Павел некстати вспомнил про домашнюю наливку, которая ожидала его в погребке, и нервно сунул дрожащие руки в карманы:
– Да я разве за крепостное право? Я разве против царя? Меня памятник этот удивляет, честное слово. Размах. Многие последнюю копейку, как ты сам говоришь, отдали.
Николай рассмеялся и обнял брата:
– Это в тебе, Паша, немецкая кровь говорит. А у русских – гулять так гулять, пусть и на последнее.
Довольные праздником крестьяне не разъезжались еще три дня. А в «Епархиальных ведомостях» вышла статья на несколько страниц, чего со Старицким уездом никогда еще не случалось.
Накануне Успения с полей убирали рыжий длинноусый овес, а в воскресенье, как и положено, отдыхали. Лето выдалось грибное, и Федор, расплевавшись и с женой, и с матерью, решил отправиться на дальние Коробинские болота: «Эти бабы! В ногах путаются только!»

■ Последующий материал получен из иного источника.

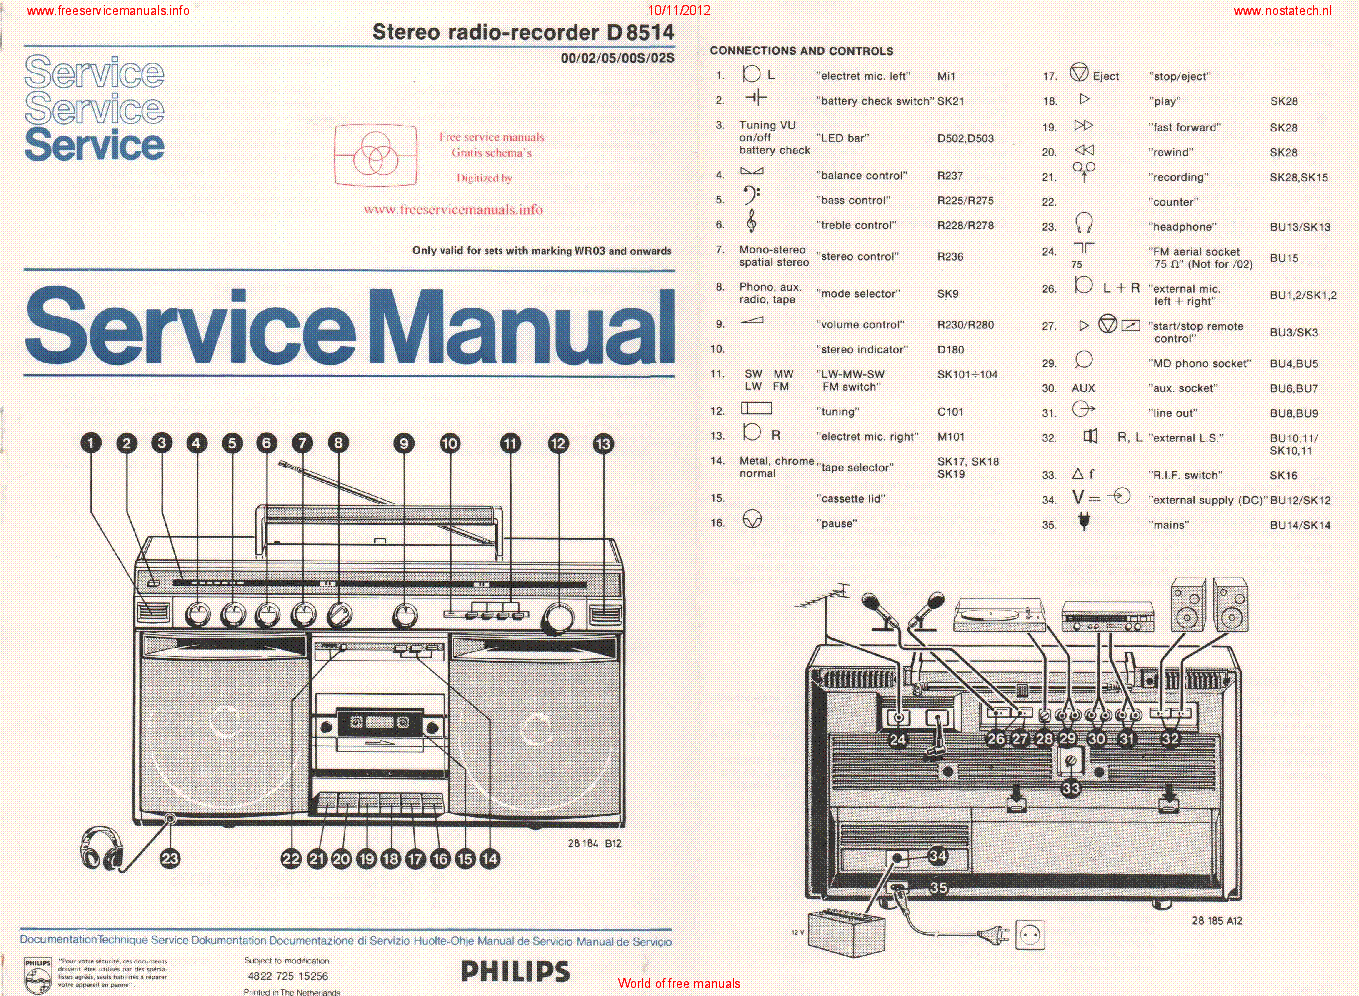 PHILIPS D8514 service manual (1st page)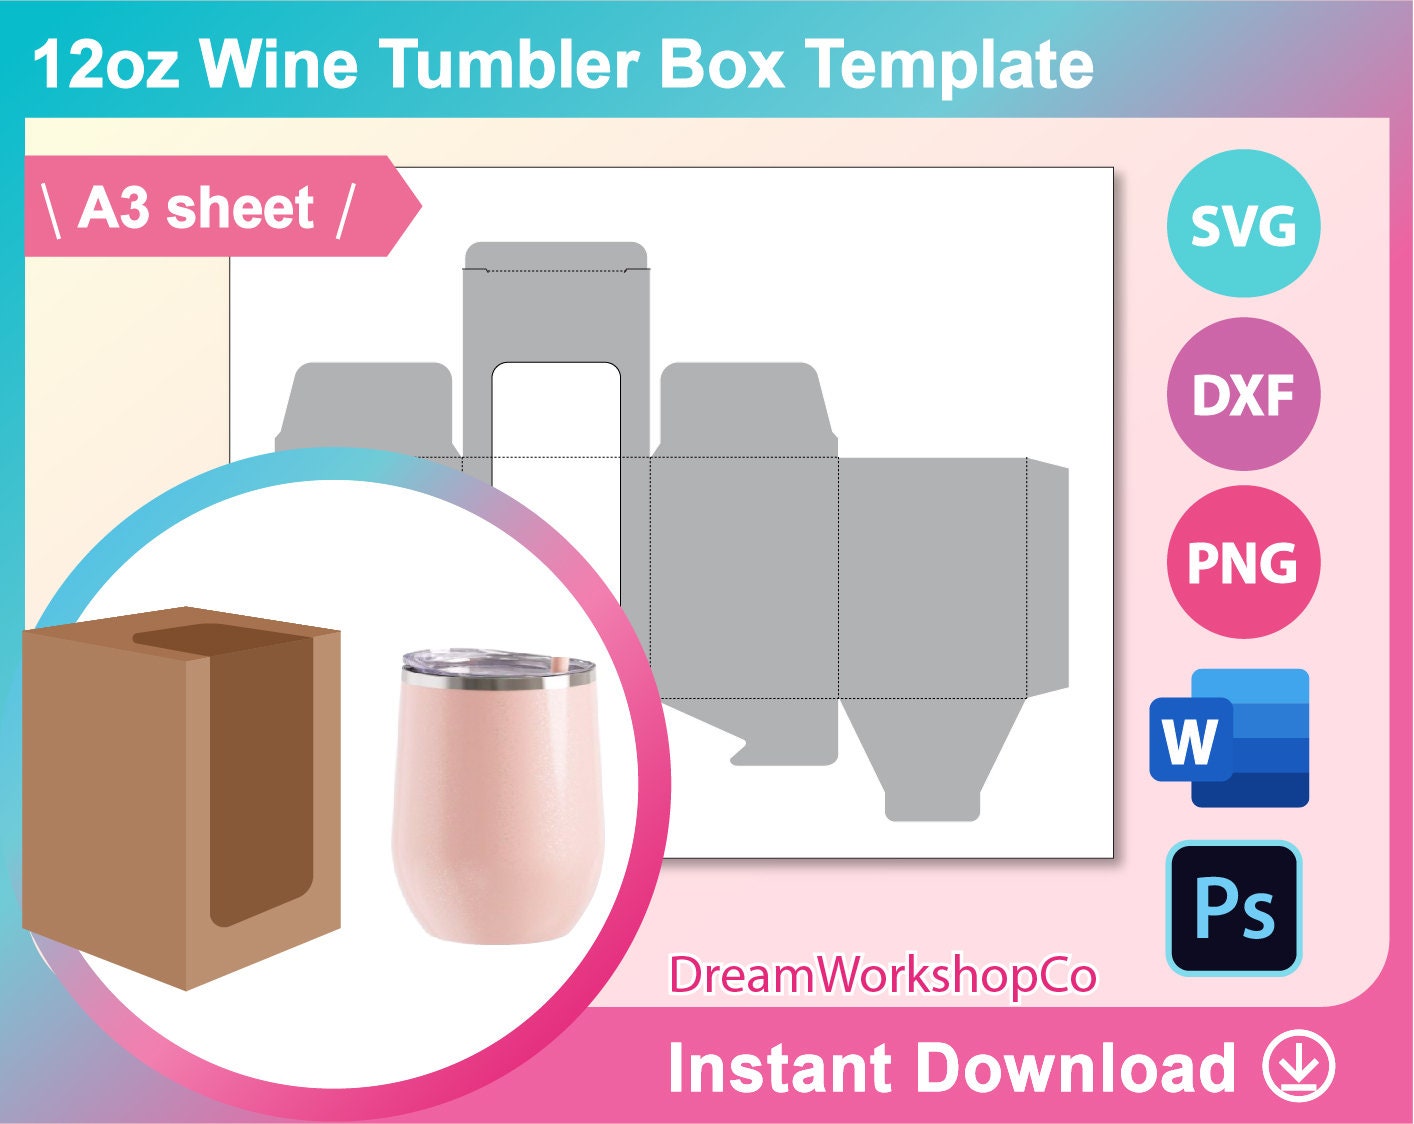 16oz Can Cooler Template, Beer Cooler Template, Sublimation Template, SVG,  DXF, Canva, DOCX, Png, Psd, 8.5x11 Sheet, Printable

Он хорошо знал лес: еще отчим места показывал. С тех пор мешками грибы таскал, а бабы только и успевали солить, сушить и жарить. В хорошие годы возили в Старицу на базар. Там Федор Дуську, будущую жену, и увидел.
Сегодня Федор встал, как всегда, засветло, накинул старый замызганный сартенник[1], обернул ноги суконками[2] – и в лапти, сапоги жалел. Прихватив латаный холщовый мешок, торопливо приник к бутылке, припрятанной в поленнице, и поспешил в лес. Позвал с собой старшую дочь, Катерину. Чужих за грибами обычно не брали, чтобы места не заприметили, а если и случалось идти с кем-то, долго ходили кругами, путали.
Коробинское болото каждый год жадно затягивало беспечный заблудившийся скот, не брезгуя по случаю и людьми. Пожары на гиблой трясине не прекращались ни зимой, ни летом. Но делать нечего: грибные места вокруг Дмитрова давно уже выбрали более поворотливые непьющие соседи.
Катерина, набрав полную корзину белых, присела отдохнуть и вдруг услышала за деревьями лай собаки. Побежала на голос и оторопела: в темной болотной воде барахтался человек. Увяз крепко. Его собака вилась рядом, лаяла, не в силах помочь хозяину. Катерина бросила корзину и наклонила робкую березку, которая росла у самой трясины:
– Давай, миленький, держись!
Но деревце оказалось хилым, молодые ветки обрывались. Человек стал еще больше тонуть – вот уже скрылся в зеленоватой от ряски воде по шею, беспомощно протягивая руки и пытаясь ухватиться за ветки потолще.
Катерина в ужасе закричала:
– Па-а-а-пка-а-а!
Но Федор не отзывался. Катерина осмотрелась и увидела ольху, не слишком хлипкую, подходящую. Попыталась наклонить ее, но не смогла – дерево непокорно пружинило и не давалось: еще, мол, чего удумала! Мокрая собака путалась под ногами, металась, заходилась от лая. Катерина торопливо подпилила дерево у корня острым отцовским ножом, навалилась всем телом на ствол – тот со старческим скрипом подломился и рухнул в болото. Незнакомец, тяжело дыша, уцепился за ветки, но сил карабкаться у него уже не осталось. Катерина снова стала звать отца.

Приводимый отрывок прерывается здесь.